*EXERCISE DESCRIPTION*
Every line of the listing must be reproduced as it stands. Leave the images behind.

*DATA BELOW*
▬▬▬▬▬▬

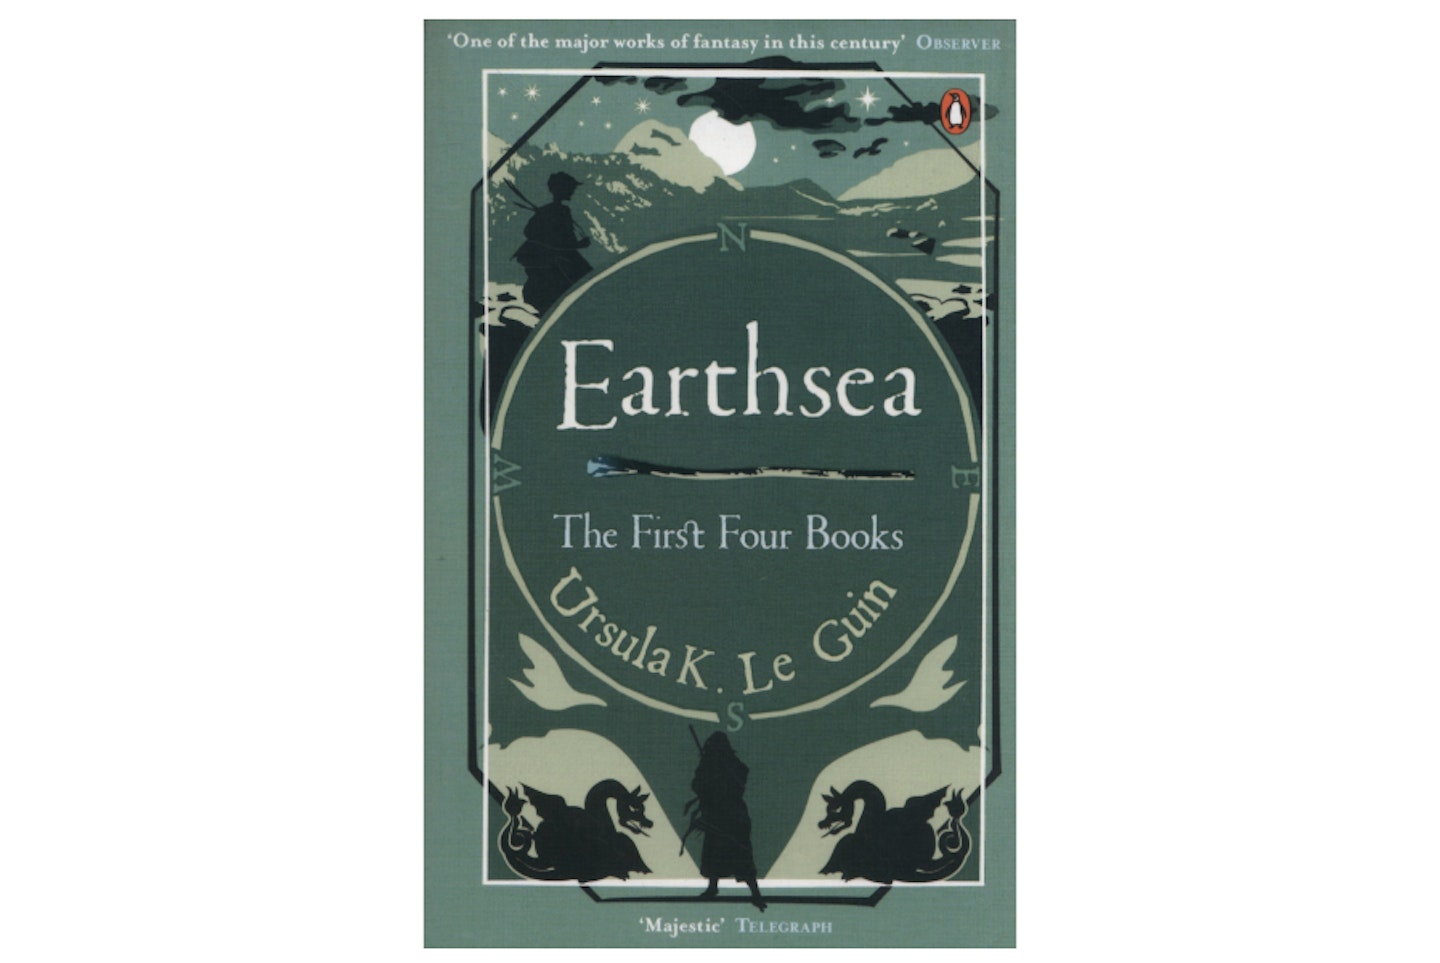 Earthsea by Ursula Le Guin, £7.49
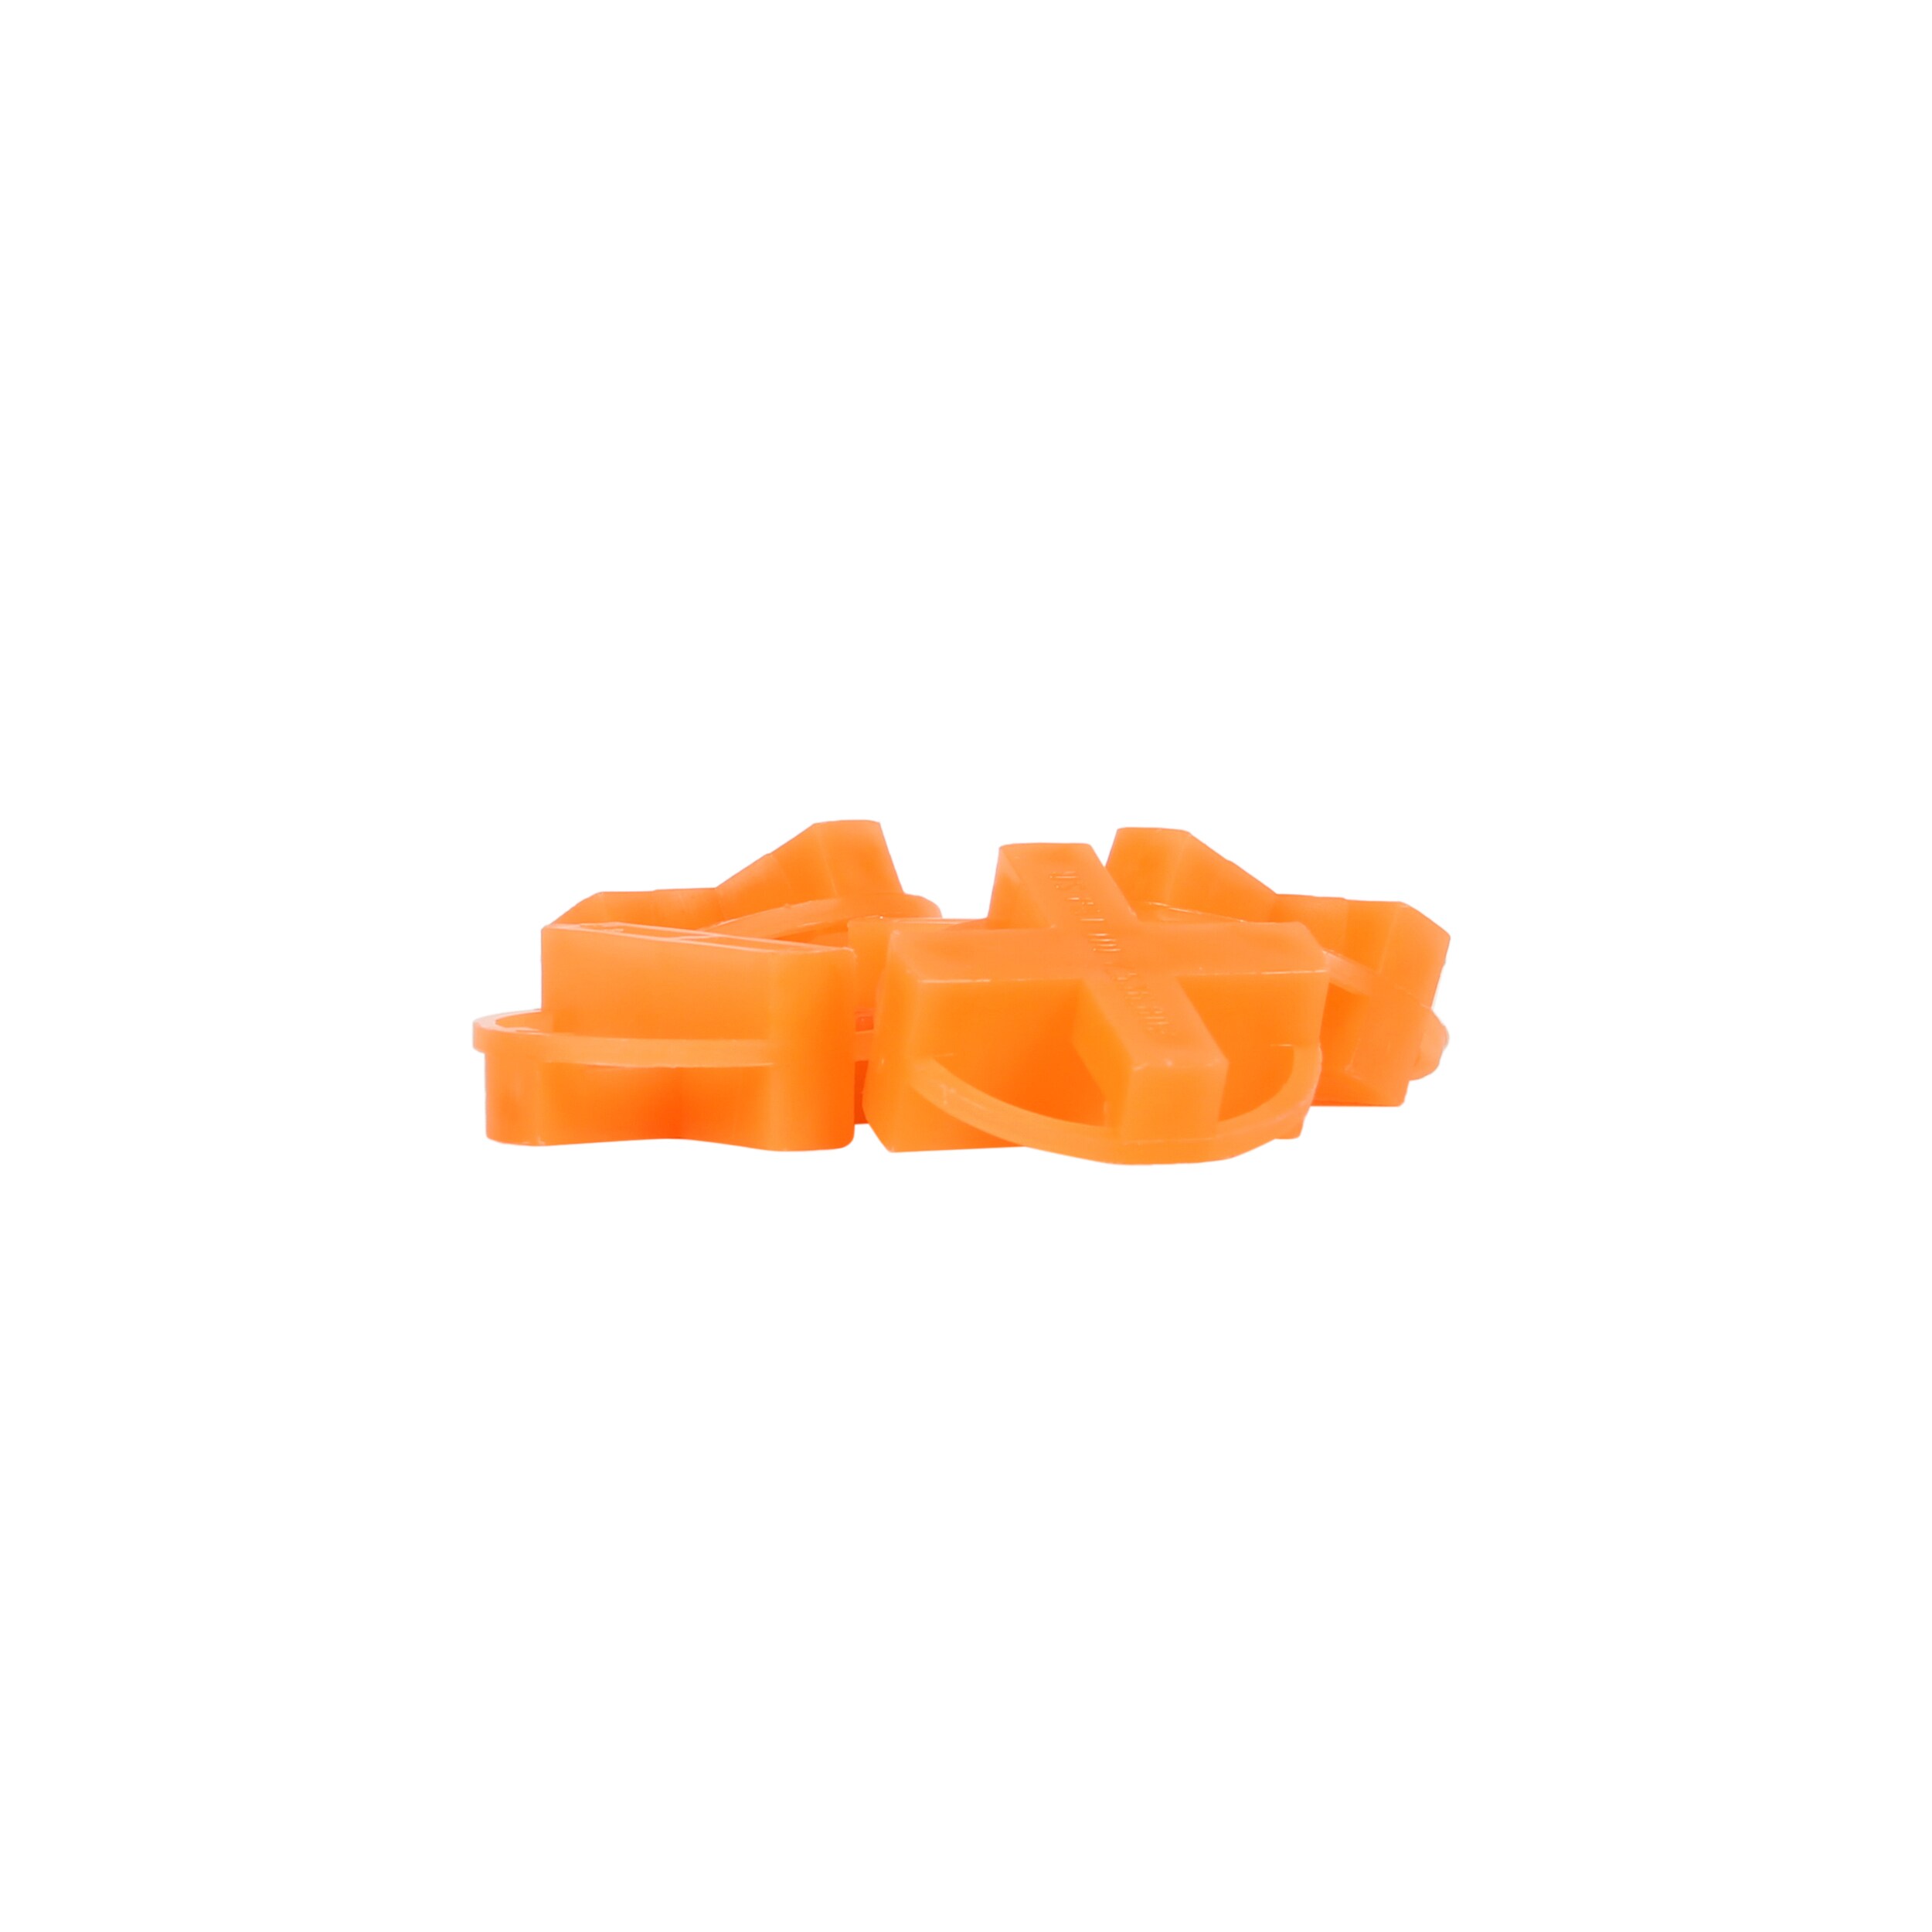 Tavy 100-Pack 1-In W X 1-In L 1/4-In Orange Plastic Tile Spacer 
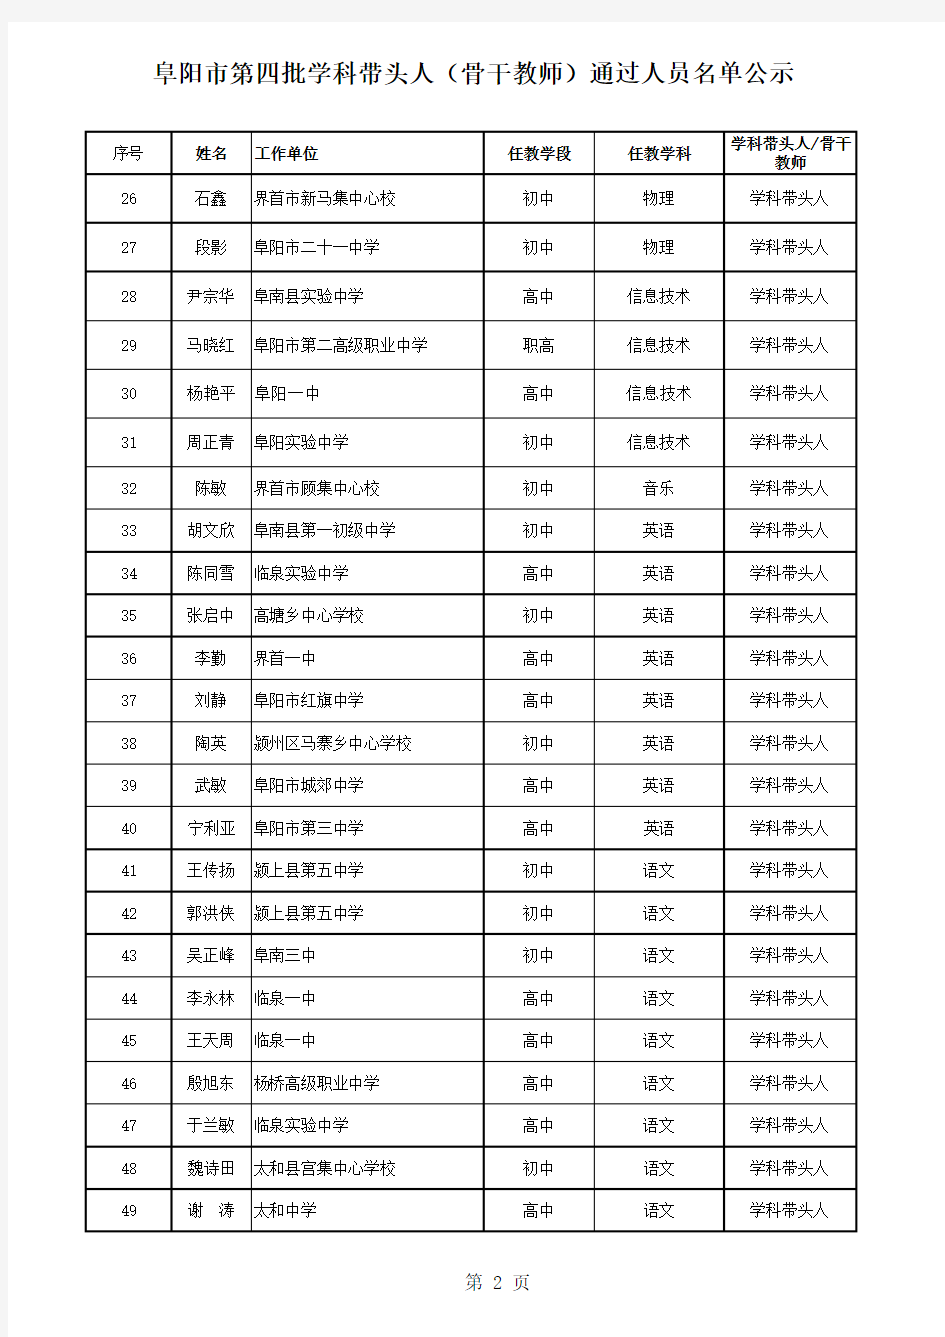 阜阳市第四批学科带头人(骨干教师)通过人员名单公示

▬▬▬▬▬▬

*WRITTEN ANSWER*
 Earthsea by Ursula Le Guin, £7.49
 Tavy 100-Pack 1-In W X 1-In L 1/4-In Orange Plastic Tile Spacer 
 阜阳市第四批学科带头人(骨干教师)通过人员名单公示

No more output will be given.